* **WHAT THE TASK REQUIRES**
Exact transcription with no images: write out all of the entries below.
****************************************
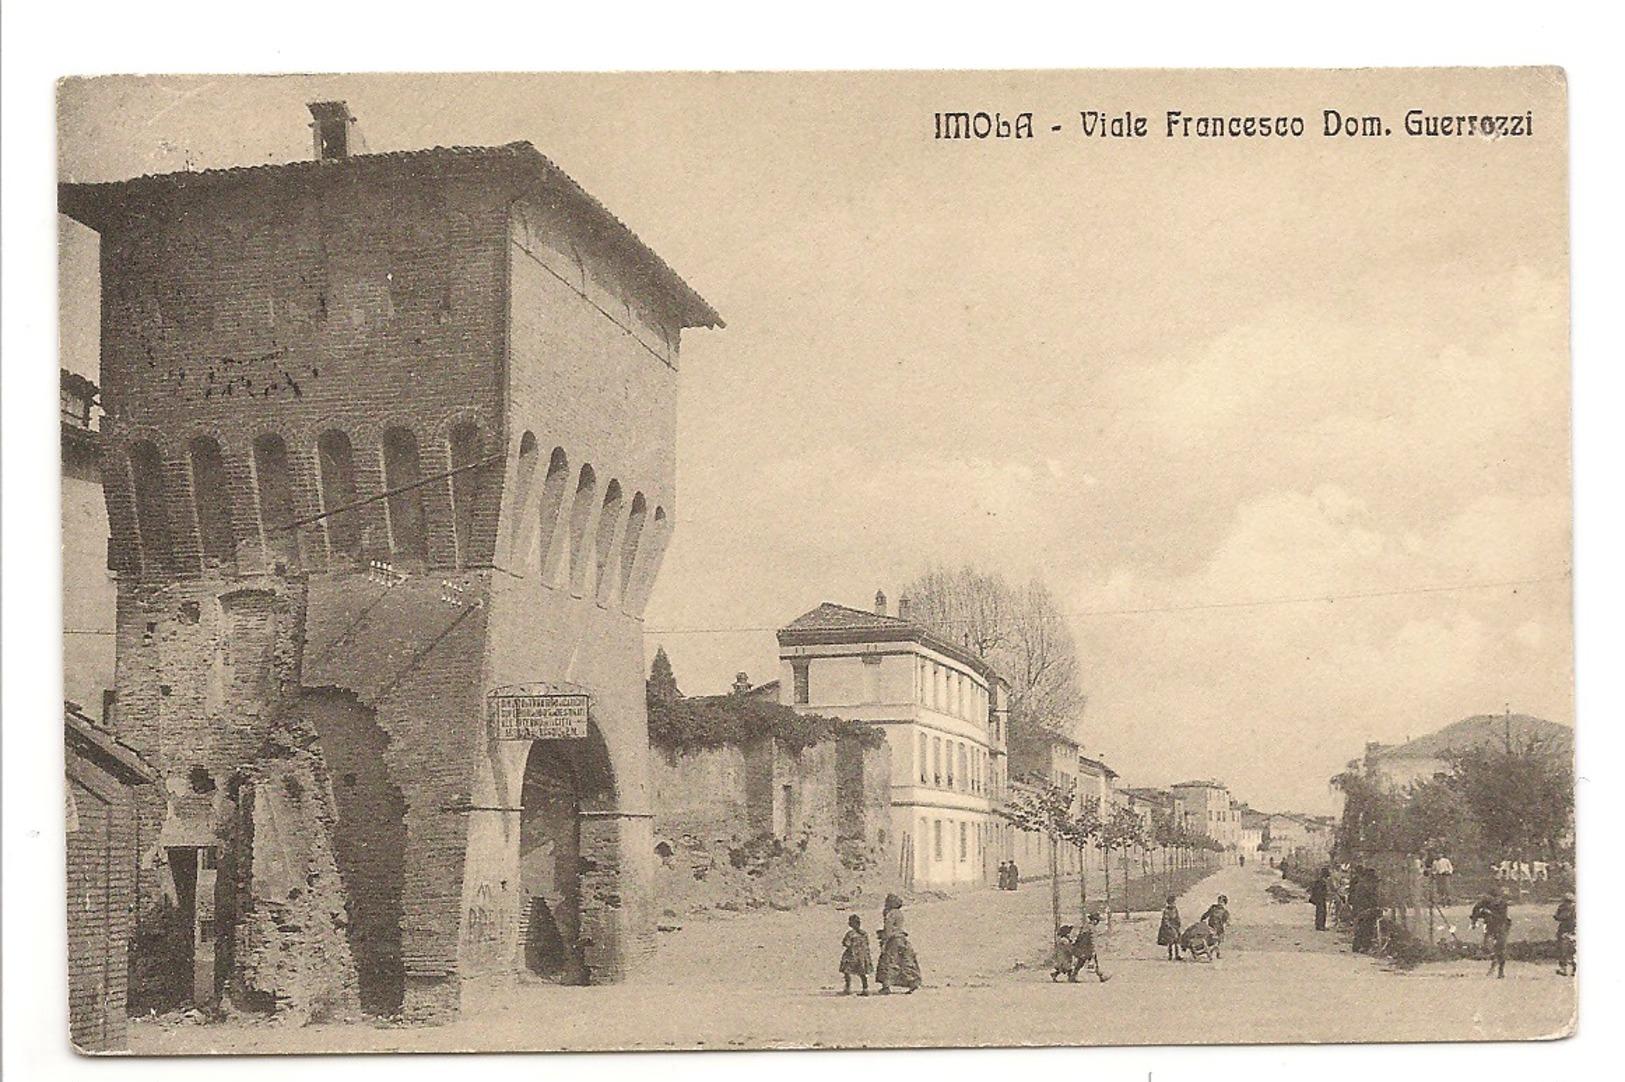 IMOLA - VIALE FRANCESCO DOM. GUERRAZZI - Imola
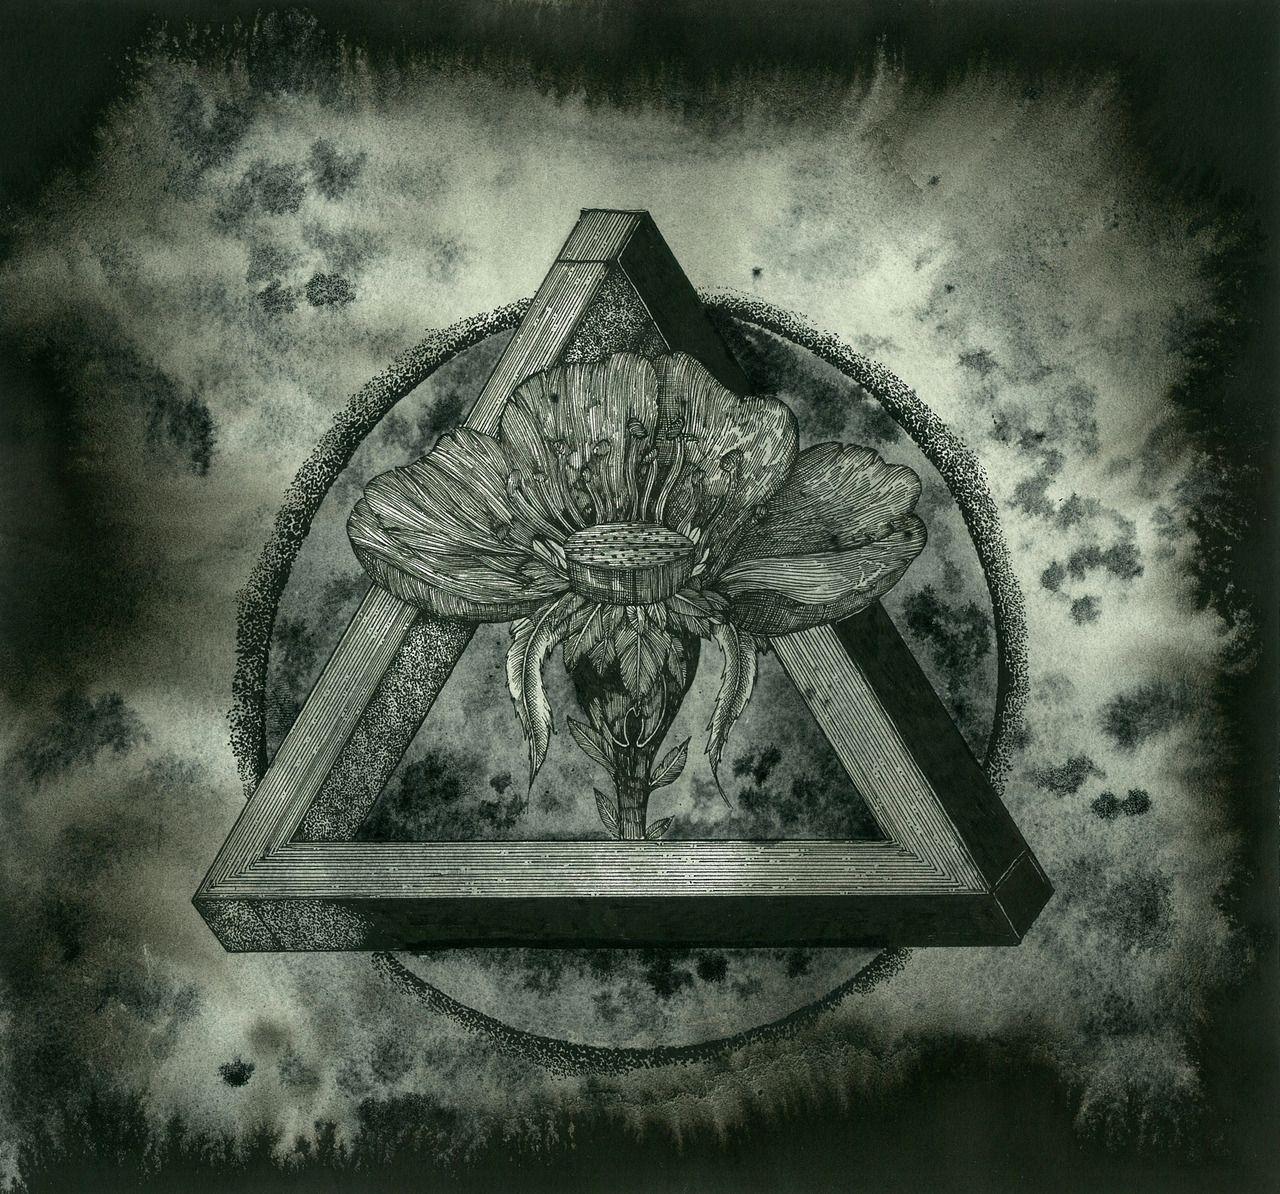 Sin Eater Illustrations: Photo
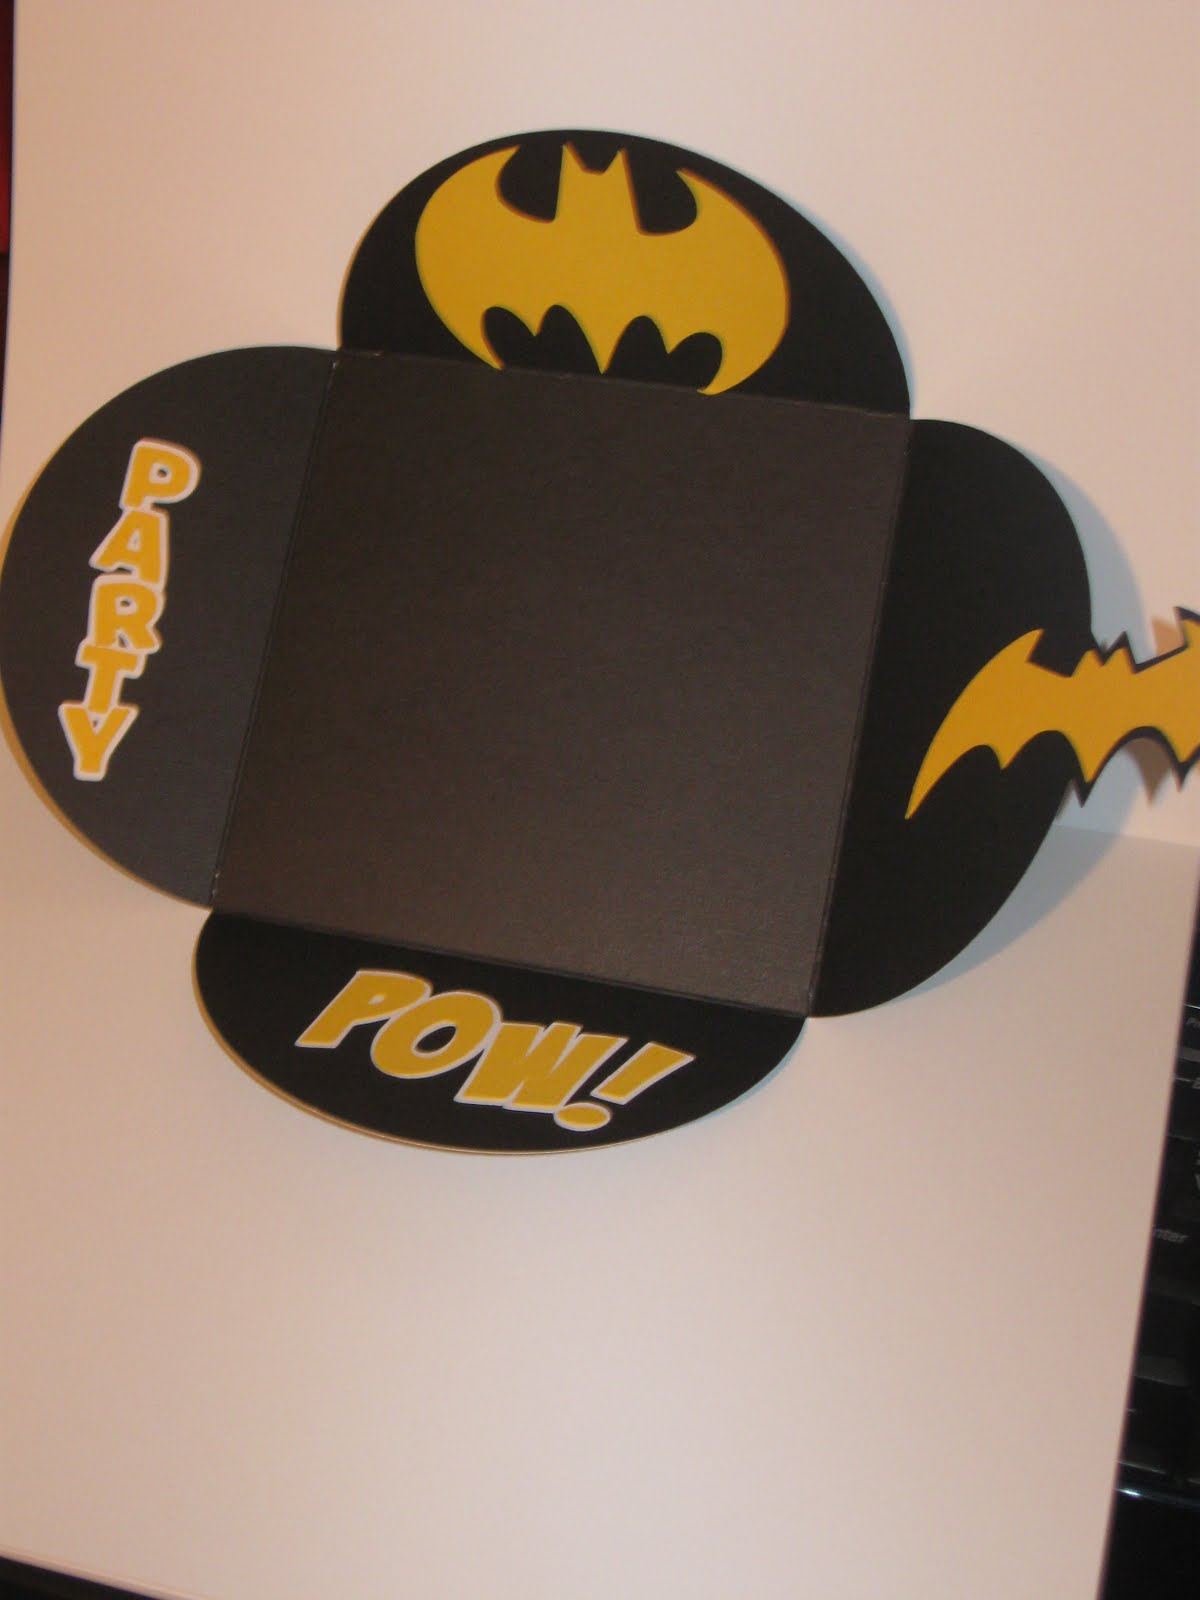 Batman Invitations Templates as adorable invitation template
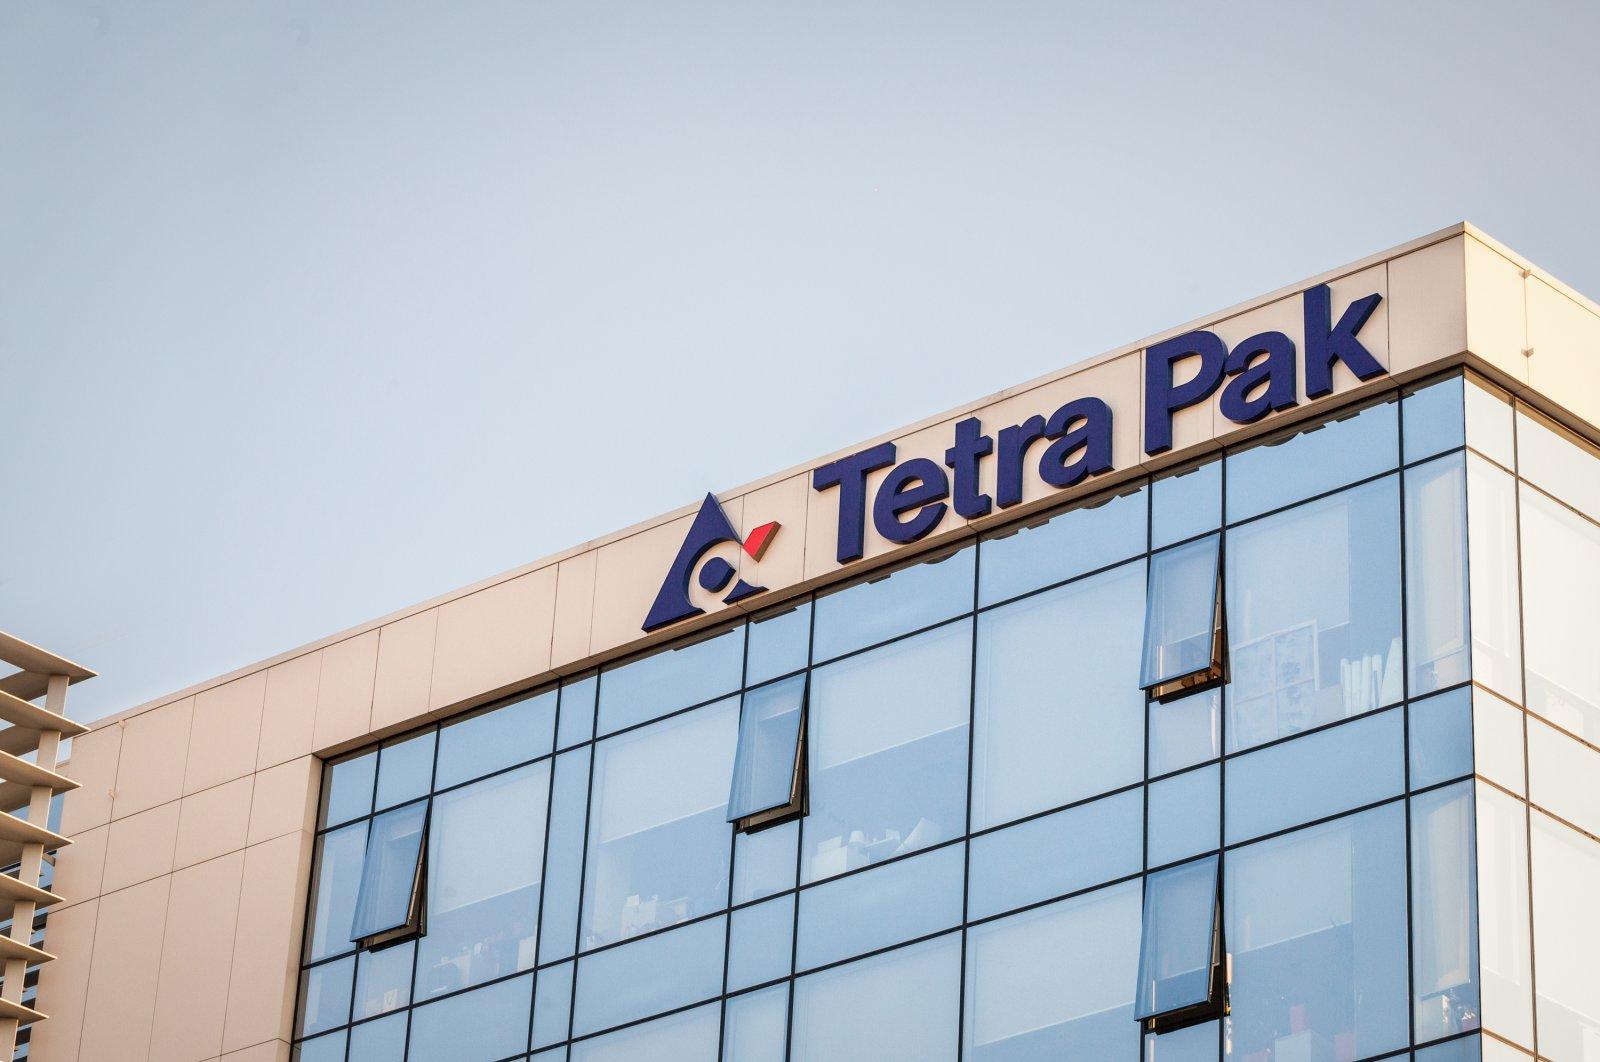 The Tetra Pak logo is seen on the company's headquarters in Belgrade, Serbia, Sept. 23, 2018. (iStock Photo)
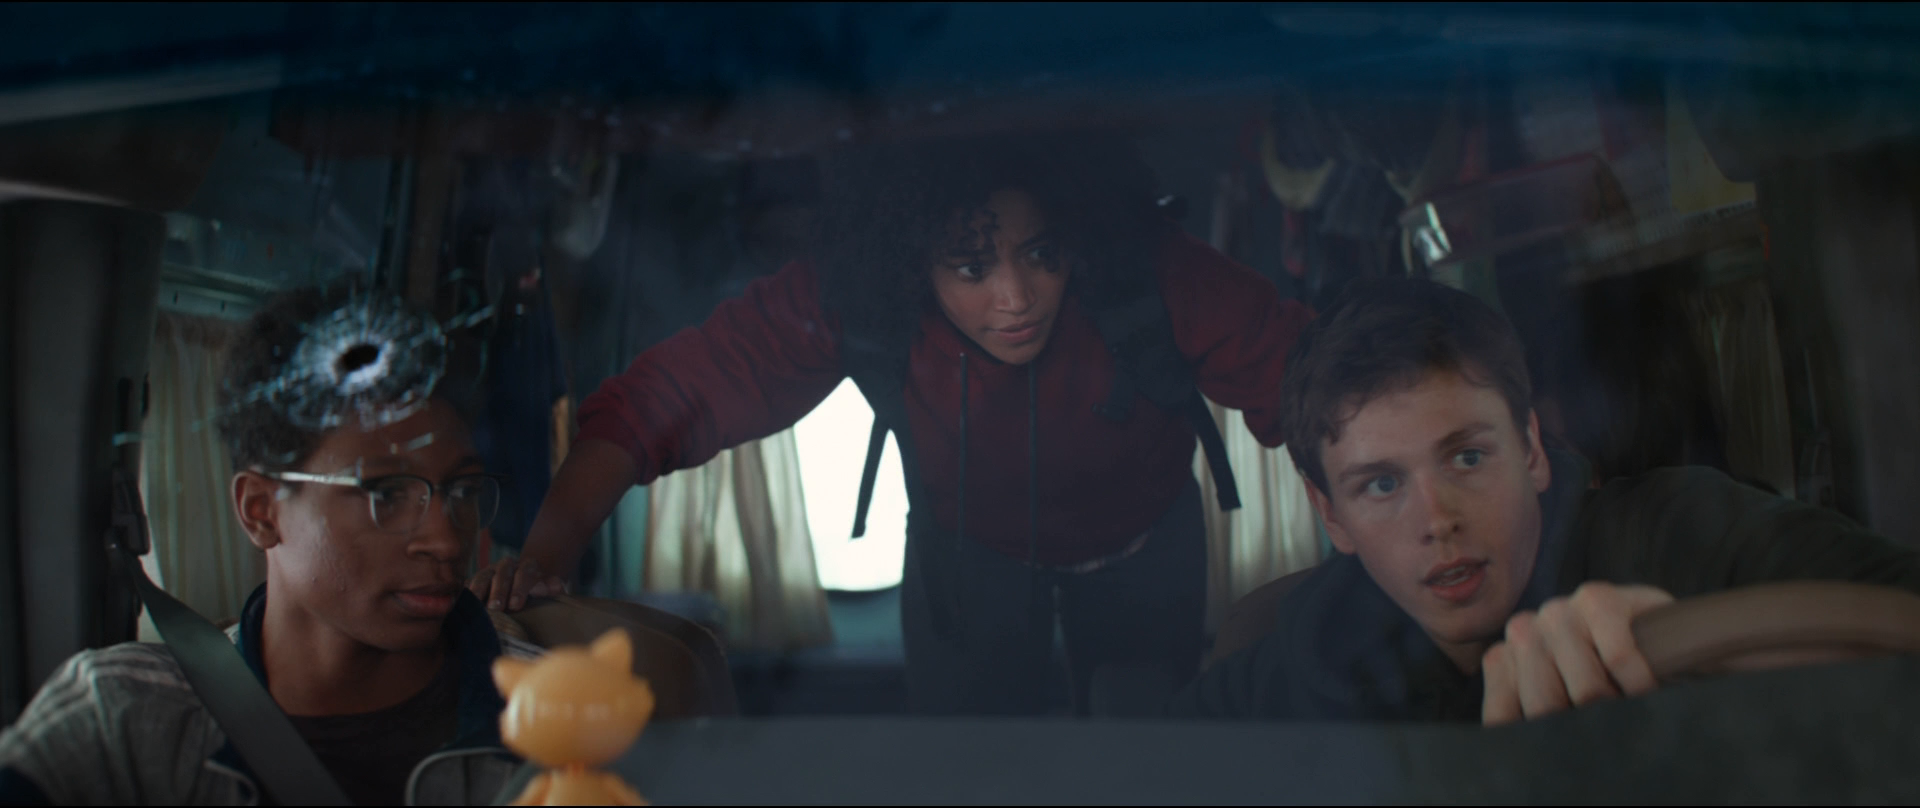 Karanlık Zihinler - The Darkest Minds | 2018 | BluRay | BDRip - 720p - 1080p | DUAL | Türkçe Dublaj
****************************************
* **RESPONSE TO THE TASK**
 IMOLA - VIALE FRANCESCO DOM. GUERRAZZI - Imola
 Sin Eater Illustrations: Photo
 Batman Invitations Templates as adorable invitation template
 The Tetra Pak logo is seen on the company's headquarters in Belgrade, Serbia, Sept. 23, 2018. (iStock Photo)
 Karanlık Zihinler - The Darkest Minds | 2018 | BluRay | BDRip - 720p - 1080p | DUAL | Türkçe Dublaj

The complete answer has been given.